The following is an excerpt from the book The Costs of Living: How Market Freedom erodes the best things in Life (1994), by Swarthmore Psychology Professor Barry Schwartz.
"As this economic imperialism continues to occur, each of these domains of activity [i.e. professions such as lawyer, doctor and professional athlete] is eroded as a distinct practice; its goods are replaced by economic goods.
"Another example of this process...is education. The goal of education is to impart knowledge and develop in people the ability to think critically. Education at its best creates well-informed, responsible, concerned citizens. Education at its best is essential both for the well-being of our economy and for the well-being of our democracy. What happens to the practice of education as increasing competition among member of society for material resources leads to increasing competition for good (that is, high-paying) jobs? In response to this competition, employers keep creating new educational hurdles that must be jumped before job entry in possible. These hurdles have a profound effect on the way people view education. With education closely tied to job entry, job training, and material success, it becomes an 'investment' (literally, not metaphorically) in your future. The money spent on school is expected to be returned, with interest, later on. You start putting a dollar value on a college degree by surveying the salaries paid on the jobs to which it gives access.
"It is easy to imagine deciding whether or where to go to college by engaging in the following kind of calculations: A degree from the state university will cost $40,000. If you took that money and invested it, and entered the job market four years earlier than you otherwise would, would the interest on the investment coupled with the four extra years of earning power compensate for the higher-paying jobs forgone? If the answer to this question is yes, you don't go to college. Or perhaps the calculations might go like this: Harvard will cost $100,000, while the state university will cost $40,000. Will the job opportunities provided by a Harvard degree pay back the extra $60,000 invested? If the answer to this question is no, then you might go to college, but you won't go to Harvard.
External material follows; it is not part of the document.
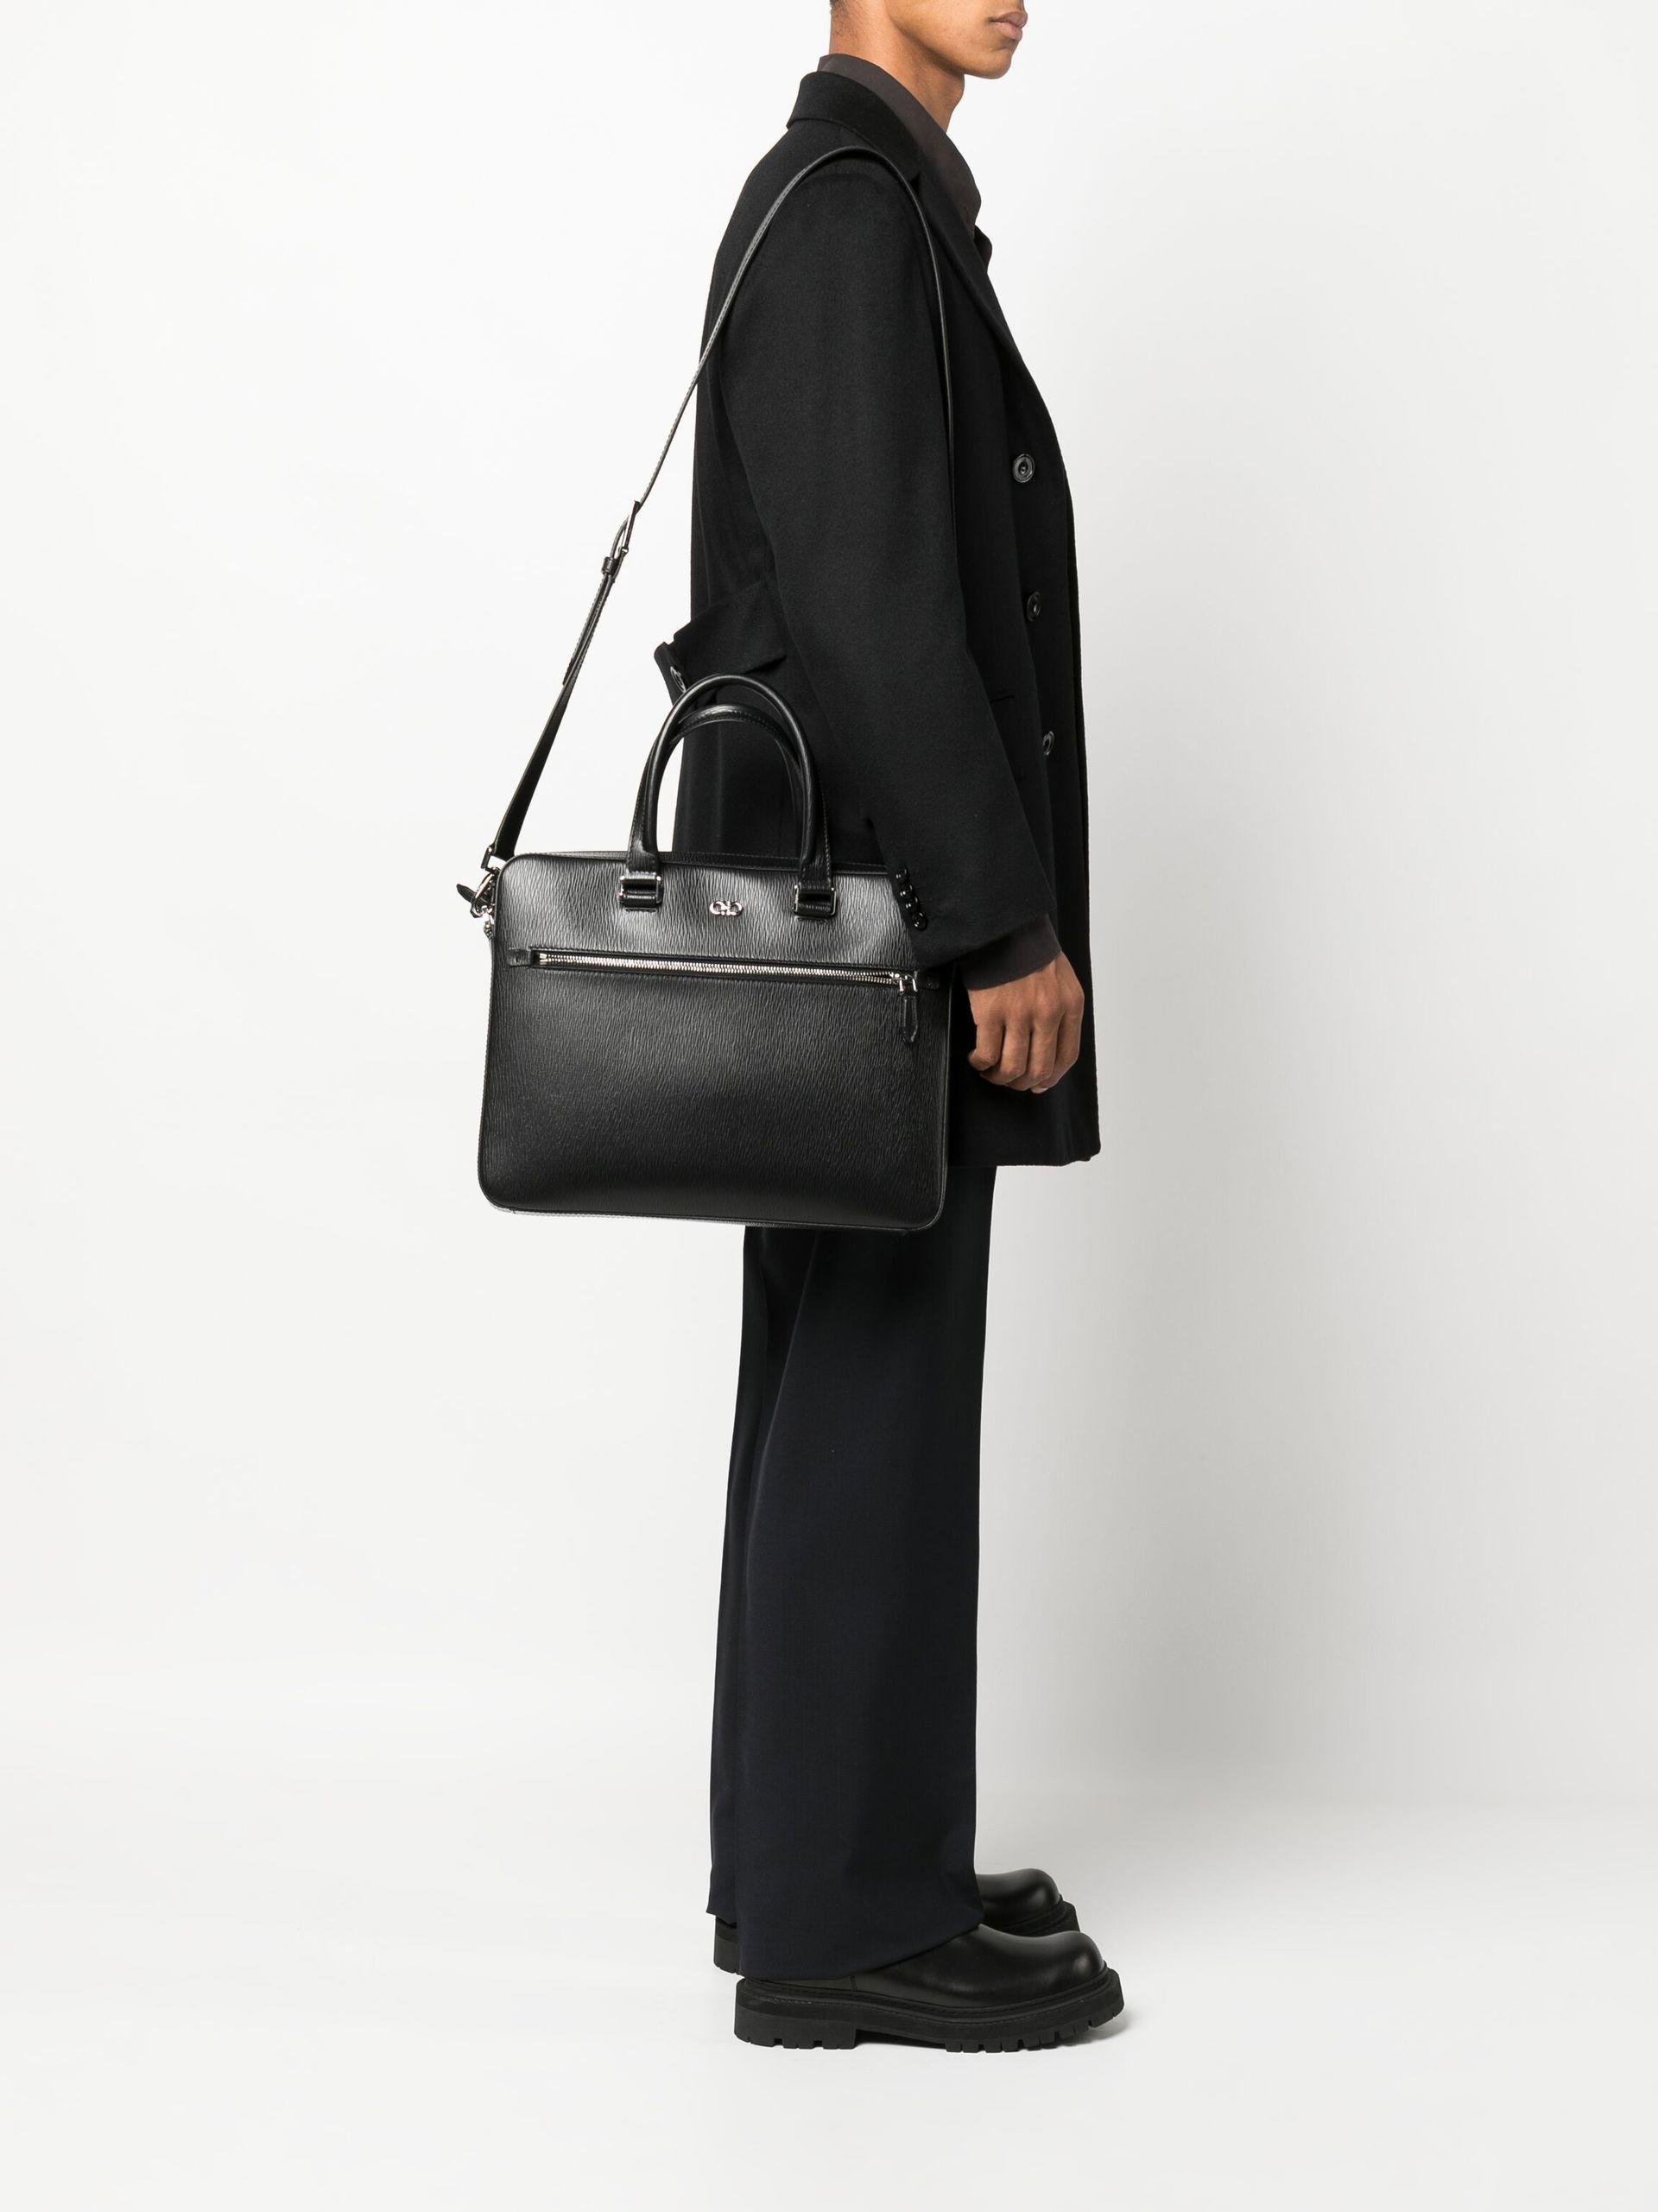 Mens Bags Briefcases and laptop bags Ferragamo Leather Gancini Briefcase in Black for Men

"Once people start thinking about education in these terms--as an economic investment--it affects what they want out of education, and thus how they evaluate what they get. Suppose people stop valuing knowledge as an end to itself, or as an essential ingredient in the making of mature, responsible citizens, and start valuing it only as a means to material ends. If enough people assess their education in this way, what actually goes on in the college classroom will change. Colleges and universities will have to be sensitive to market demand; they will have to provide what students want, or the students will go elsewhere. The goal of education will shift from creating well-informed, responsible citizens to creating skilled, high-income workers. And in pursuit of that goal, the institution will change what it does. The very practice of education defined as are all practices, byt he goals that direct it, will lose its disticitiveness. It will simply become a part of the economy, an input, a cost to be factored in when the economic consequences of various possible life decisions are evaluated. To the extent that this 'economization' of education occurs (and it already has at many if not most of our universities--even the 'elite' ones), the practice of education will cease to be a counterforce to the pursuit of self-interest that governs behavior int he marketplace."
I feel this excerpt dictates what we will lose if education becomes a means to an end; if education is simply about getting a job. To take it furter--if a job is a means to an end; a job is simply about getting paid in order to by things, what are we really after in our society. It seems all our actions are a means to achieve money and the ability to buy things. Is that what we want? Are the best things in lufe those you can purchase?
Think about what you value most in life and if it can be purchased? For me things education is about the pursuit of knowledge for its own sake and we must appreciate learning for learning not just because it's going to buy is things we think we need.
Further this passage relates to the case of Annemarie Bean discussed last week. Whereas she may have contributed to the overall culture and character of her college, some students were not getting what they thought they should be getting so she was let go. Colleges and universities must be careful especially in this consumer culture, where we (mslef included) often tend to believe that we can have everything. It's not true and we must understand that our preconceived notions of what a college or a particular class is supposed to be like may not be correct. And instead of finding fault with the institution we must take a look at ourselves and ask what we are really trying to get out of college: Is it a path towards more money? Or is it about the experience of learning in an institution with others who are also there to learn and grow intellectually.
I understand that change is part of the process and colleges must change as knowledge changes but we must fully assess ourselves and the goals of our institution before we mold our higher education system as a mirror of the economic system.